En cualquier caso la función, básica y primigenia,
de un sindicato es la de establecer una relación de confianza y de
representación para con sus afiliados y negociar (en nombre de estos) todas las
condiciones laborales que se establezcan en esa empresa o similar y que les
afecten a nivel del contrato de trabajo.
Esta primera función ya quedó coartada en la
transición (años setenta), según muchos, por el hecho de admitir dos tipos de
organización a nivel de representatividad laboral de los trabajadores: la
puramente sindical (ya definida más arriba) y la de los Comités de Empresa;
siendo cierto además, que la regulación es también doble e intrínseca: la L.O .L.S. (Ley Orgánica de
Libertad Sindical) y el T.R.E.T. (Texto Refundido del Estatuto de los
Trabajadores).
Ocurre pues que se desdibuja el primer cometido o
función de representación sindical, cuando un comité de empresa (esté compuesto
de las siglas que sea) tiene la capacidad de negociar, de forma colectiva, para toda
la plantilla de trabajadores (afiliados o no al sindicato) y se le considera su
Representación Legal.
Siendo esto así no tiene demasiado sentido, para
muchas personas, el afiliarse a un sindicato y pagar una cuota mensual, si a nivel laboral va a conseguir exactamente
lo mismo que su compañero/a de trabajo afiliado. Esta segunda observación da
lugar a la necesaria subvención económica (por la vía de presupuestos generales
del estado u otros) para garantizar la subsistencia y viabilidad de las
organizaciones sindicales y (por cierto) de las Empresariales en mucha mayor
cuantía; pero eso es otra historia.
Cierto es que con el tiempo, y en base a estas u otras subvenciones y programas específicos,
los sindicatos (sobre todo los de clase) se han podido dedicar no solamente al
ámbito de la defensa de los trabajadores y de sus condiciones laborales sino
también a la formación continuada, transversal, específica; a la asesoría y defensa jurídica especializada y
profesional, a la información sectorial y específica y a la atención de la
población (en general) participando en los diferentes organismos de la
administración ya sea local, autonómica o estatal de forma que al final el
sindicato se impregna de la sociedad y es parte de la misma en la defensa y
garantía de lo que se llegó a denominar “estado del bienestar” en toda su
amplitud.
Así pues, ya tenemos el caldo de cultivo necesario y óptimo para demonizar, increpar, acusar, y
denostar al sindicato, a los sindicalistas y a todo lo que se refiera a su
actividad.
El actual neoliberalismo brutal y global, este
neofeudalismo del siglo XXI, no puede seguir expandiéndose ni creciendo más a
no ser que los sindicatos, las organizaciones de trabajadores, desparezcan o
queden desmontadas y desactivadas. Para
que este nuevo “orden económico global” siga incrementando las diferencias y
lucrándose a base de austeridad, hambre y miseria, necesita que toda la
sociedad crea, a pies juntillas, que el movimiento u organización sindical es
innecesario, caduco y dañino; evidentemente también corrupto y subversivo.

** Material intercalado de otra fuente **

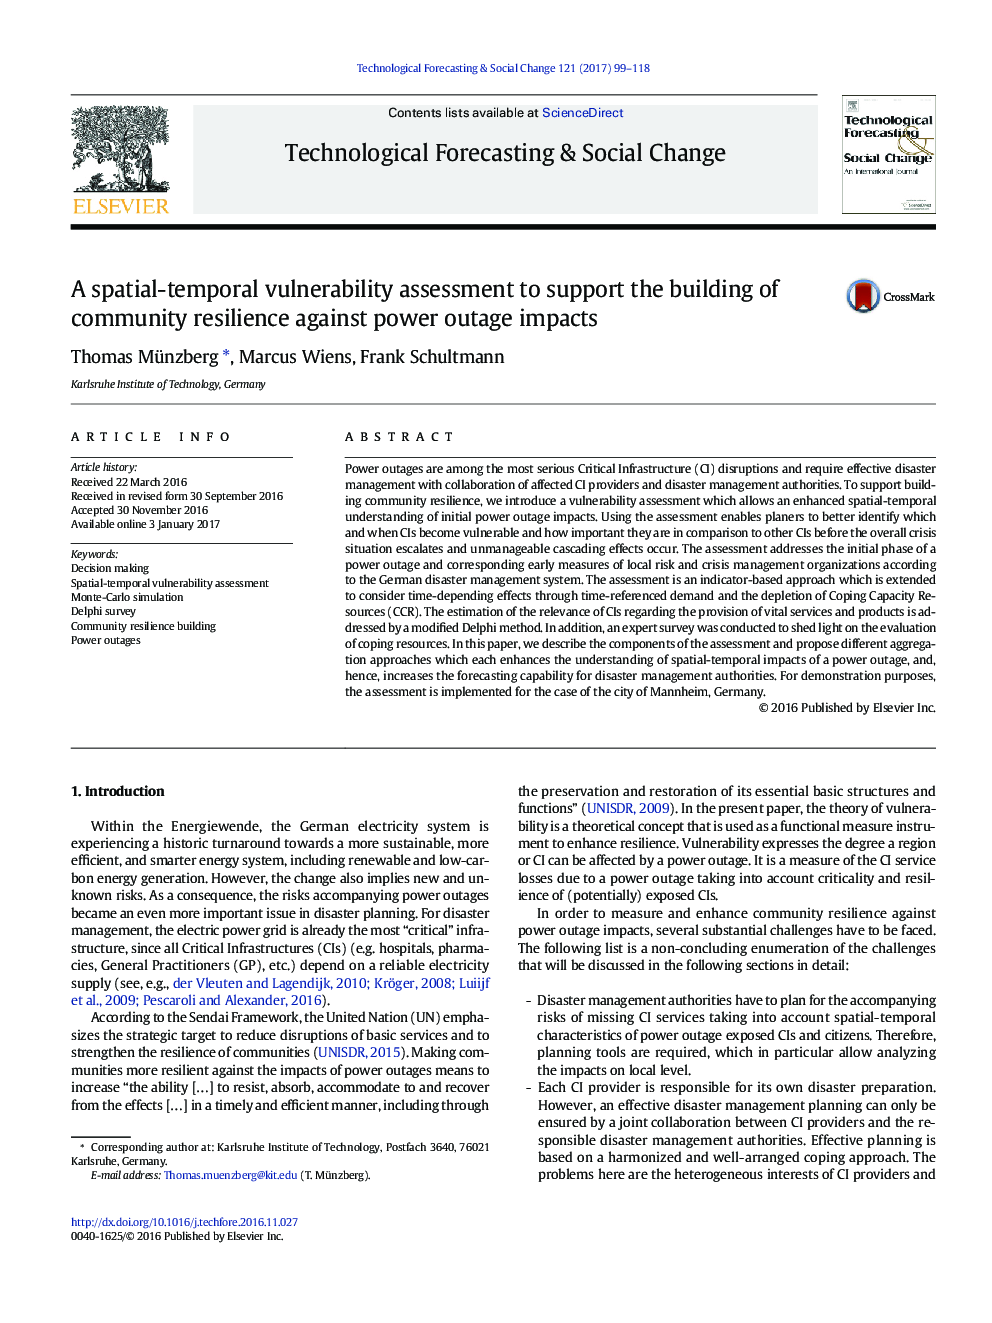 A spatial-temporal vulnerability assessment to support the building of community resilience against power outage impacts
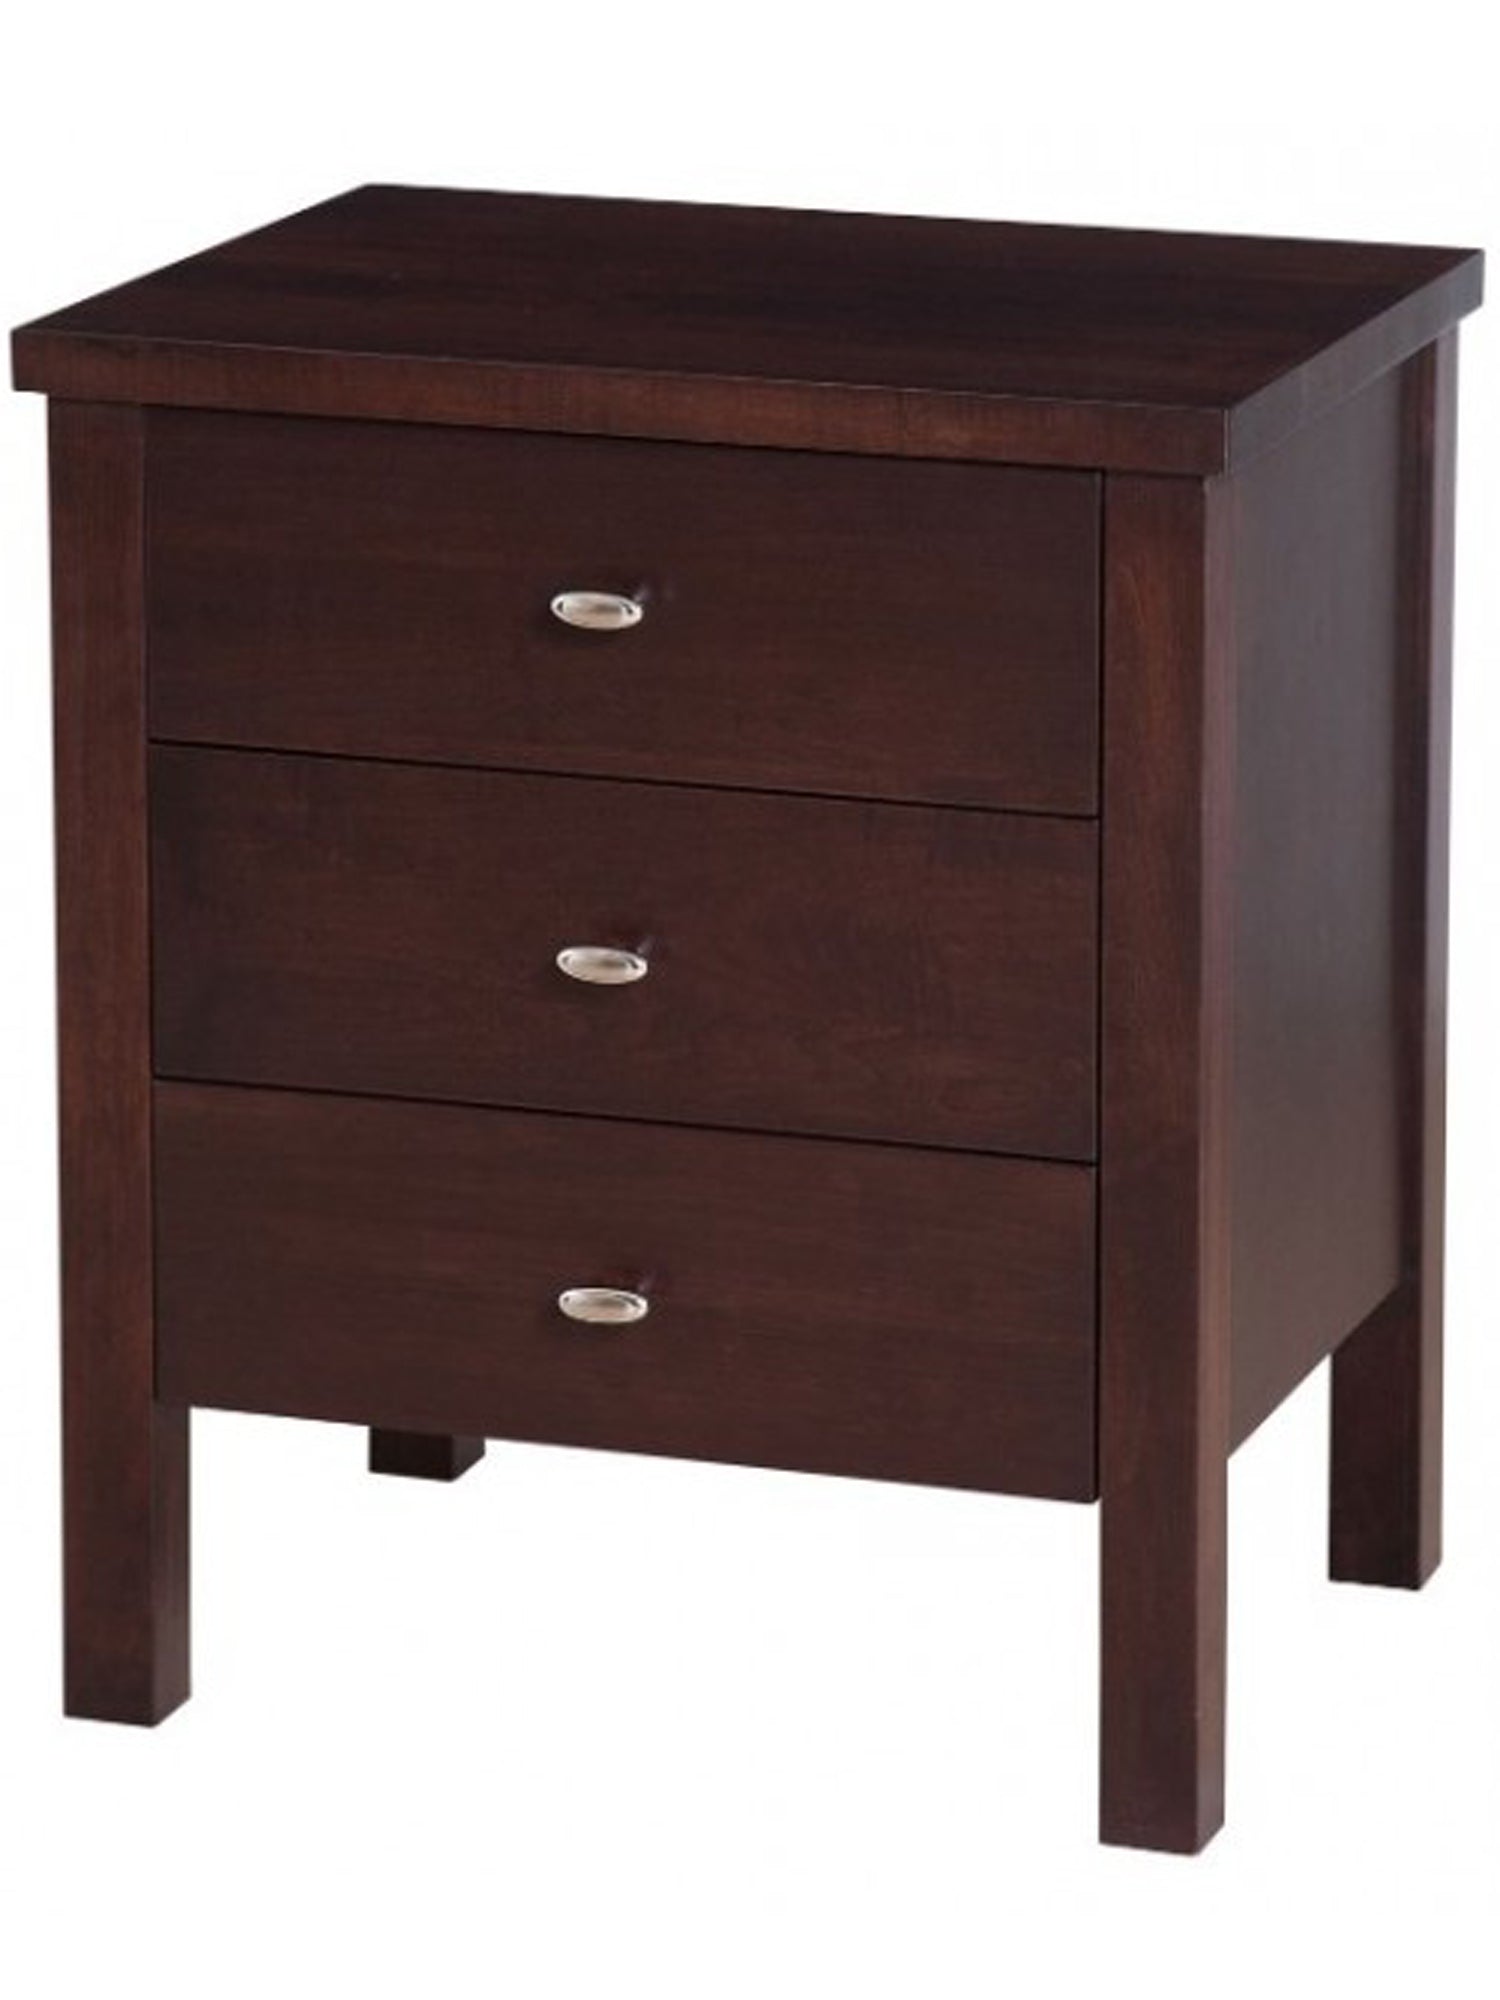 Yaletown nightstand by Woodworks - solid wood, locally built, Canadian made|

Lo más curioso de todo es que para poder realizar
todo este montaje, toda esta farsa, necesitan generar miedo (que nunca es
inocente) a toda la población; generar ansiedad y sufrimiento de forma
continuada (ayudándose de la “mass media”)
para poder acusar, estigmatizar y culpabilizar a los sindicatos de todos los
males; luego, mediante RD (Reales Decretos) Y Reformas Laborales van minando y
laminando todos los derechos sociales y, en última instancia, crean una “ley
mordaza” por si se les ha escapado algo que no han tenido en cuenta, para poder
castigar y penalizar jurídicamente (si fuera el caso) a cualquier elemento que
quisiera salirse del rebaño o de lo legalmente establecido.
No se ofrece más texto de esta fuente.